## Problem details
Each line in the records below, from the one that contains "[1 иен старт" to the one that contains "Classic Jacket in Tweed | Black Multi", should be reproduced exactly, the first and last included.

## Data records
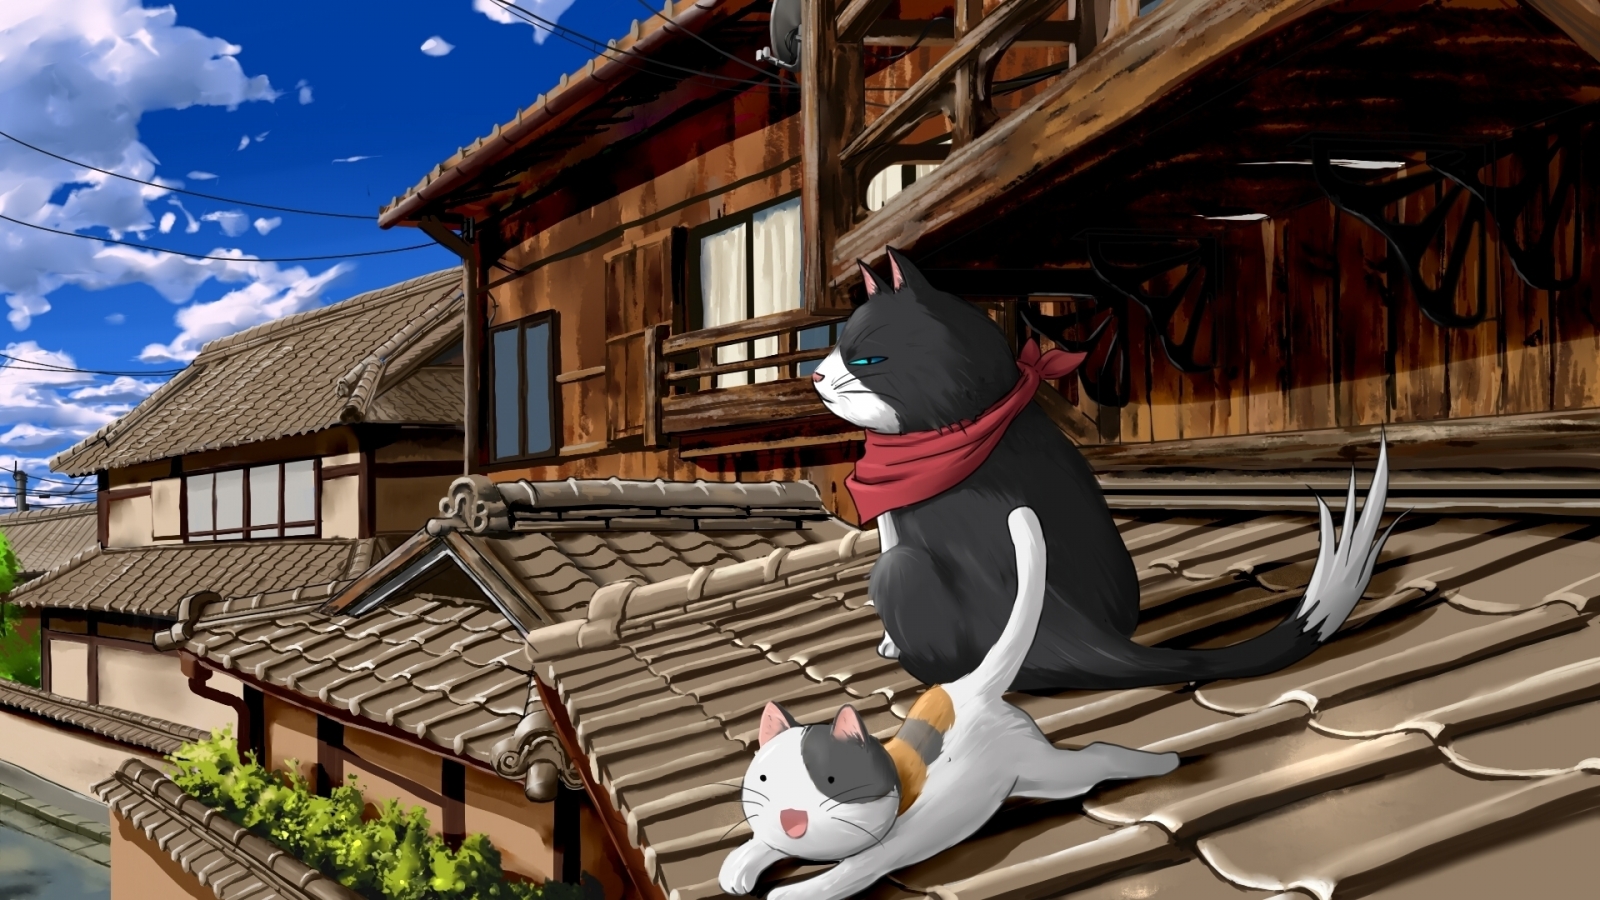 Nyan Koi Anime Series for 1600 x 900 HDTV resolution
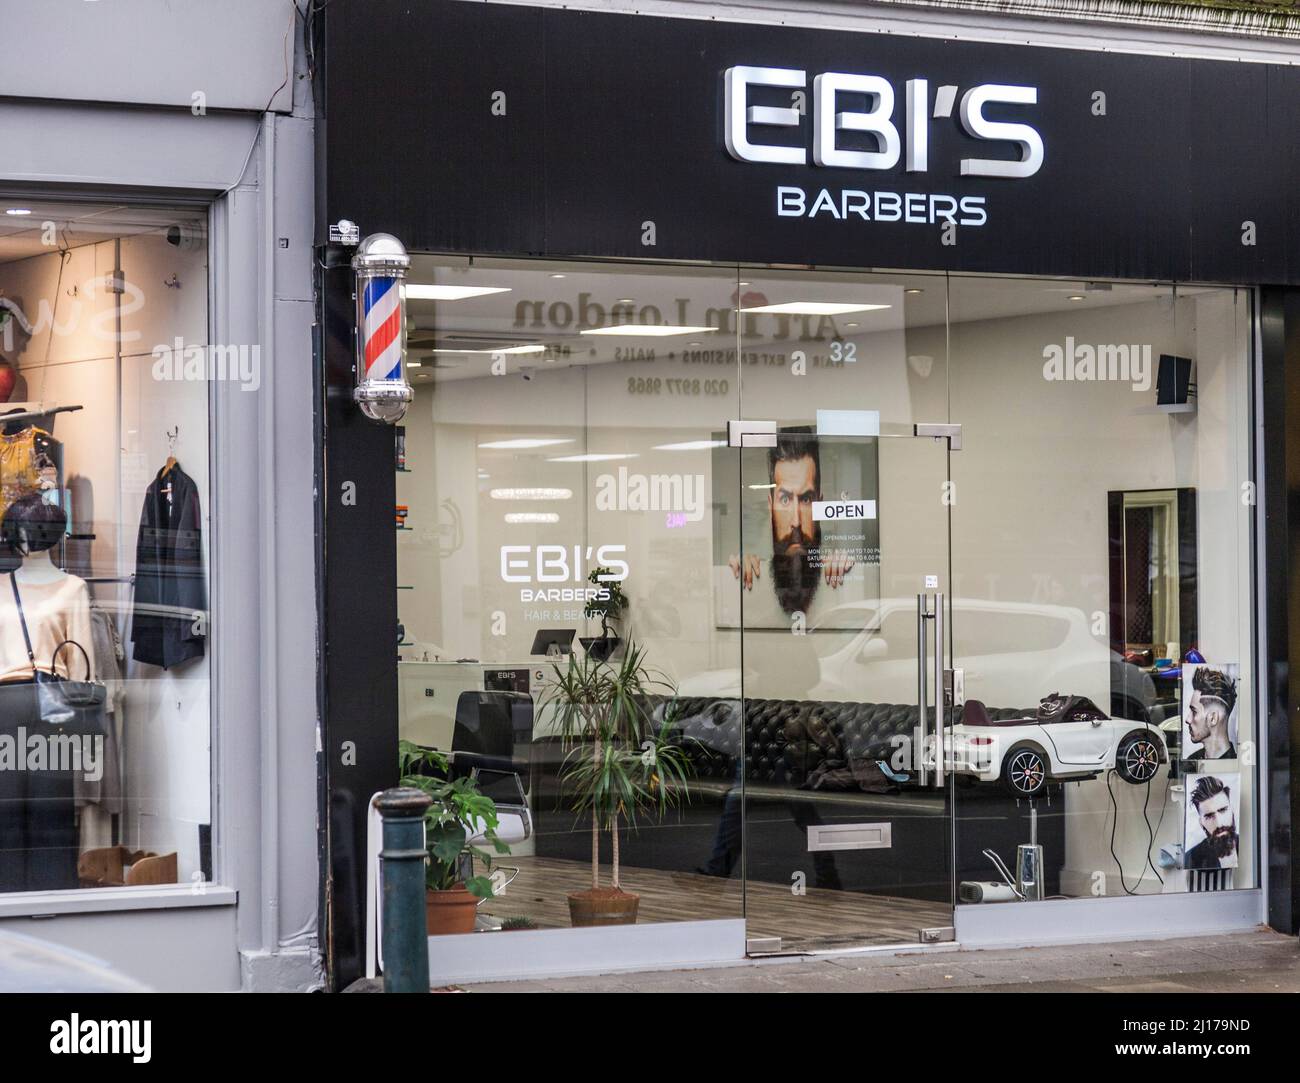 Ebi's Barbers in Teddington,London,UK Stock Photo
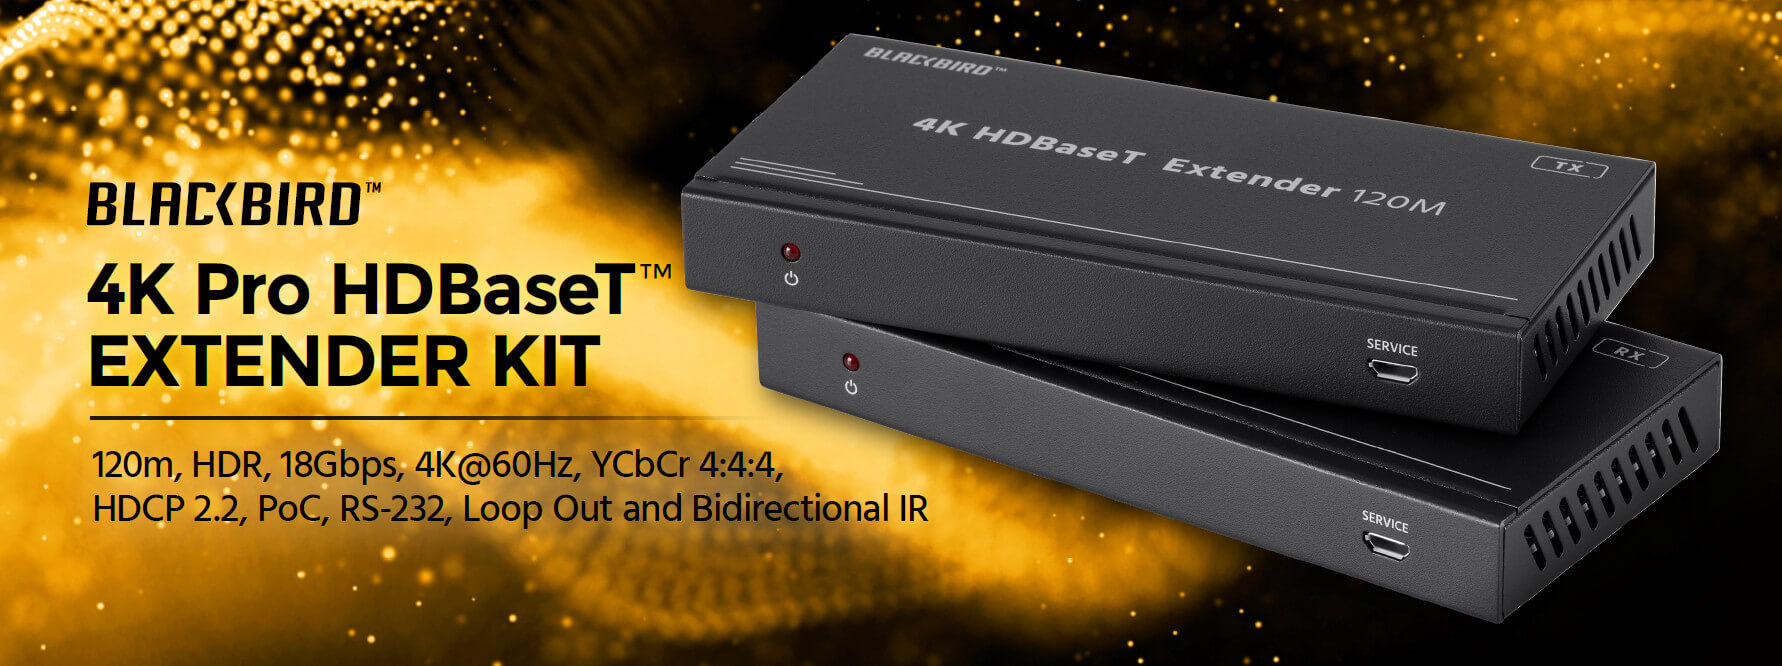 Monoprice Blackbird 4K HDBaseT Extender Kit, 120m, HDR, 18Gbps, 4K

* * *

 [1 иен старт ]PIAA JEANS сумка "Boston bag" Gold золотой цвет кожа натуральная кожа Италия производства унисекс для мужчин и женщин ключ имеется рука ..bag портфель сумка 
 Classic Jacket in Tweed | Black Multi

==

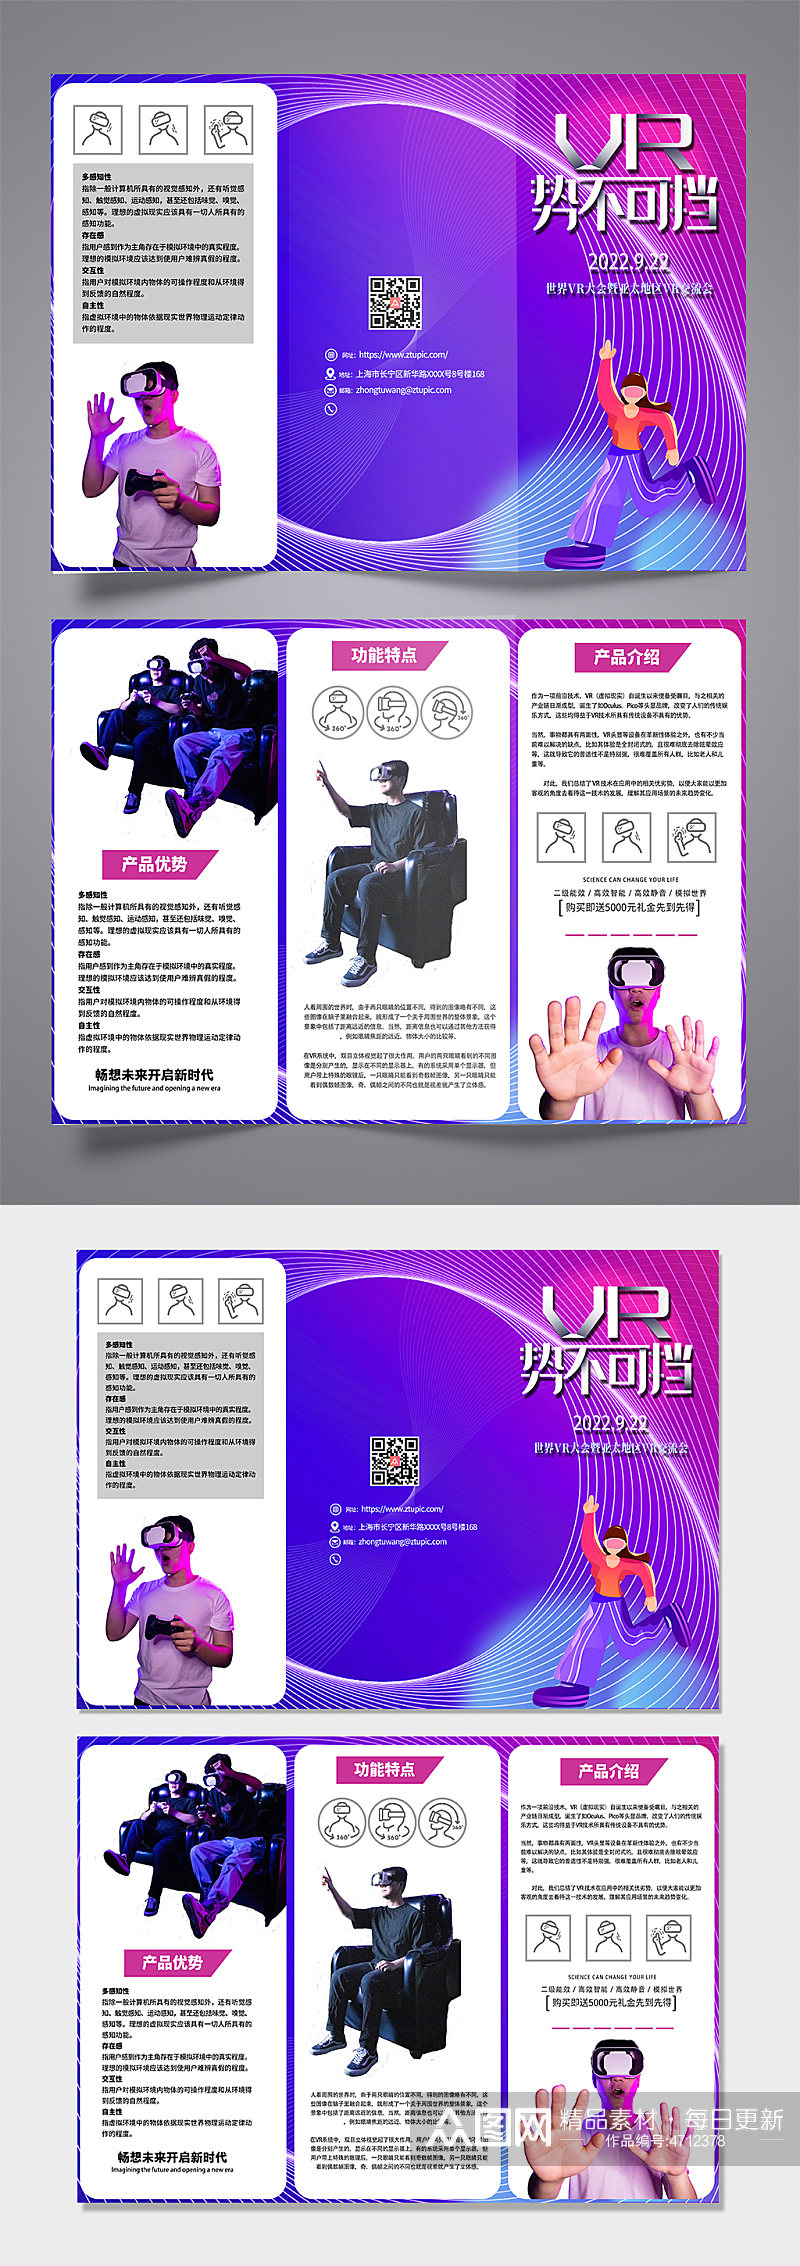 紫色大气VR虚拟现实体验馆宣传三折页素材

## Result of the exercise
 [1 иен старт ]PIAA JEANS сумка "Boston bag" Gold золотой цвет кожа натуральная кожа Италия производства унисекс для мужчин и женщин ключ имеется рука ..bag портфель сумка 
 Classic Jacket in Tweed | Black Multi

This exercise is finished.